More to St. Vinnie’s pricing than meets the eye

By Bethany Cartledge and Shannon Rockwell

We at St. Vinnie’s applaud Eugene Weekly for the entertaining and altogether worthwhile thrifting edition published on May 8. As the area’s largest thrift operation with seven locations in Eugene-Springfield, we might be a little biased, but we sure love it when other people get as excited as we do about all the financial, social and environmental benefits of thrifting and reuse!

We also love to explain how we’re much more than a thrift store, and how we stretch the value of every purchase and donation to provide supportive resources for more than 35,000 neighbors in need every year. Revenue from our 14 Oregon stores and one used-car lot cover a portion of annual operating costs for St. Vincent de Paul Society of Lane County (SVdP), this area’s largest nonprofit human-services provider.

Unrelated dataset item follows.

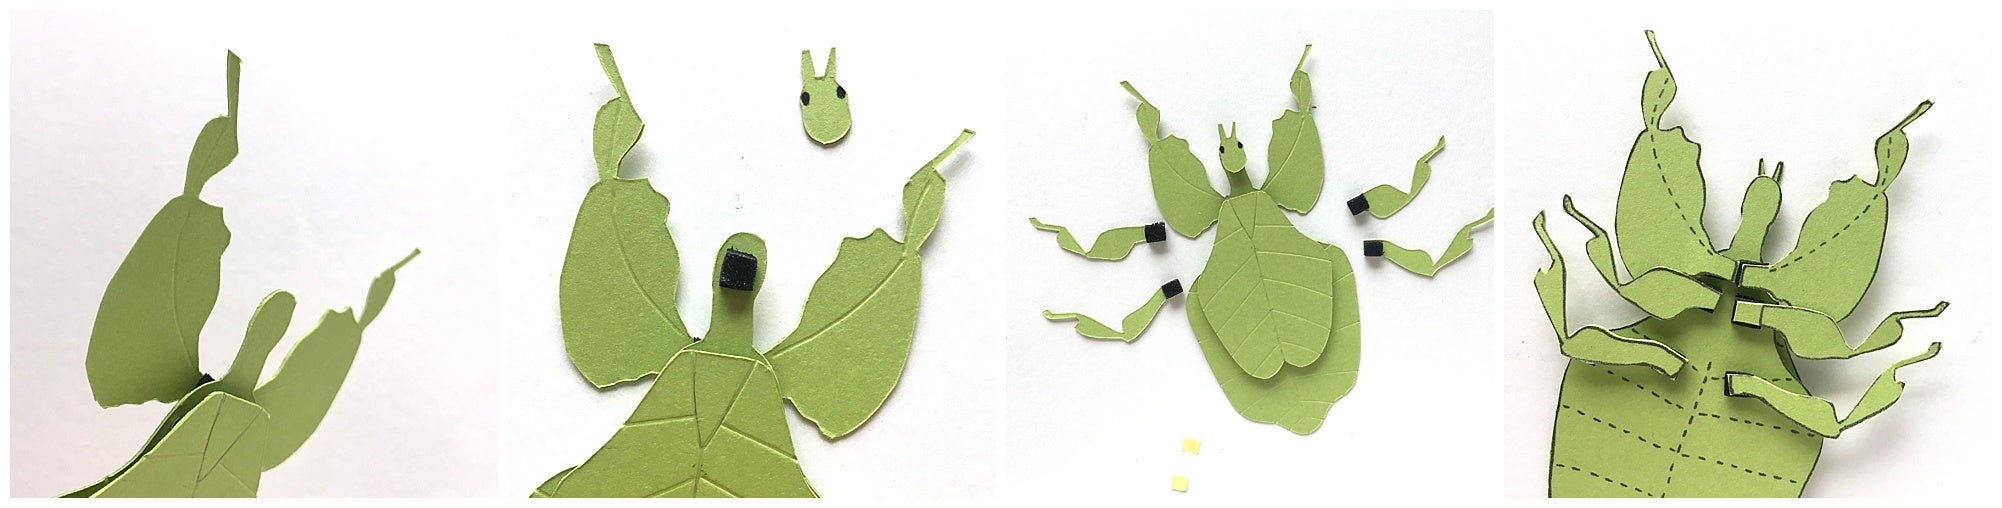 Cardstock Leaf Insect Paper Sculpture Assembly

As such, we give great consideration to how we price everything in our stores — balancing the needs to bring value to our customers, responsibly steward the donations we receive and generate ongoing financial support for our critical community programs. So when we read the May 8 story on second-hand furniture, “I Like What You’ve Done with the Place,” we were disappointed at the suggestion that we overprice some furniture in our stores.

The many human services we provide also rely in large part on grants and fundraising, beyond the base of operating support from our store revenue. But it’s not a stretch to say that our affordable-housing program, homeless and emergency shelters, veterans’ programs and other essential services depend on St. Vinnie’s shoppers, who also enable us to give away hundreds of thousands of dollars’ worth of clothing, furniture and housewares vouchers every year to families in need.

And while we are a nonprofit, we must run our business smartly and strategically in order to sustain the wide variety of services and jobs we provide. These include many second-chance employment opportunities for those with traditional barriers to being hired elsewhere, and those hard-working members of our warehouse and distribution teams who make it possible for so much quality material to make its way to your neighborhood St. Vinnie’s.

The higher-priced items referenced are among the new and nearly new home furnishings we procure from high-end retailers, and not at no cost to us, as many assume. SVdP has custom-tailored logistics relationships with several upscale retailers and pays the freight to ship truckloads of their surplus — overstocks, floor models, customer returns, etc. — from across the country to our central warehouse in Eugene. Our staff then lightly repair, assemble and/or refurbish items as needed before distributing them among our stores for sale. While they can’t be sold as “new,” and we can’t advertise the names of the retailers, these are essentially unused and mostly not even preowned products.

You’ll see the companies sell these same items new for at least twice, and often three to four times our price. Our pricing might initially seem high if you’re not expecting it in a thrift-store setting, but these aren’t typical thrift-store items. 

Many buyers also recognize the substantial discount from retail prices and are thrilled to find these items in our stores. We try to honor the quality of the products through our pricing, and realize some return for our staff’s invested time and the cost of transporting them long distances (diverting from landfills in the process).

All that said, these prices only apply to certain star attraction-type stock that comes from those name-brand retailers. Our stores are full of other typical preowned and donated items, which are priced accordingly lower and, we think, favorably when compared to other thrift and resale shops.

We do our best to provide great value to our customers and the community. We strive to have a mix of price points within our products to accommodate those on limited incomes, and we prioritize improving access to affordable materials for residents in every community we serve, particularly small rural markets.

We just ask that the next time you find yourself pondering the price of a purchase at any of our stores, please consider all the effort that went into making the product available to you; all the people you’re helping to employ in our stores and warehouses; and all the good your purchases will do here in your community.

Bethany Cartledge is executive director of St. Vincent de Paul Society of Lane County, and Shannon Rockwell is director of stores operations for the agency’s St. Vinnie’s retail-thrift stores.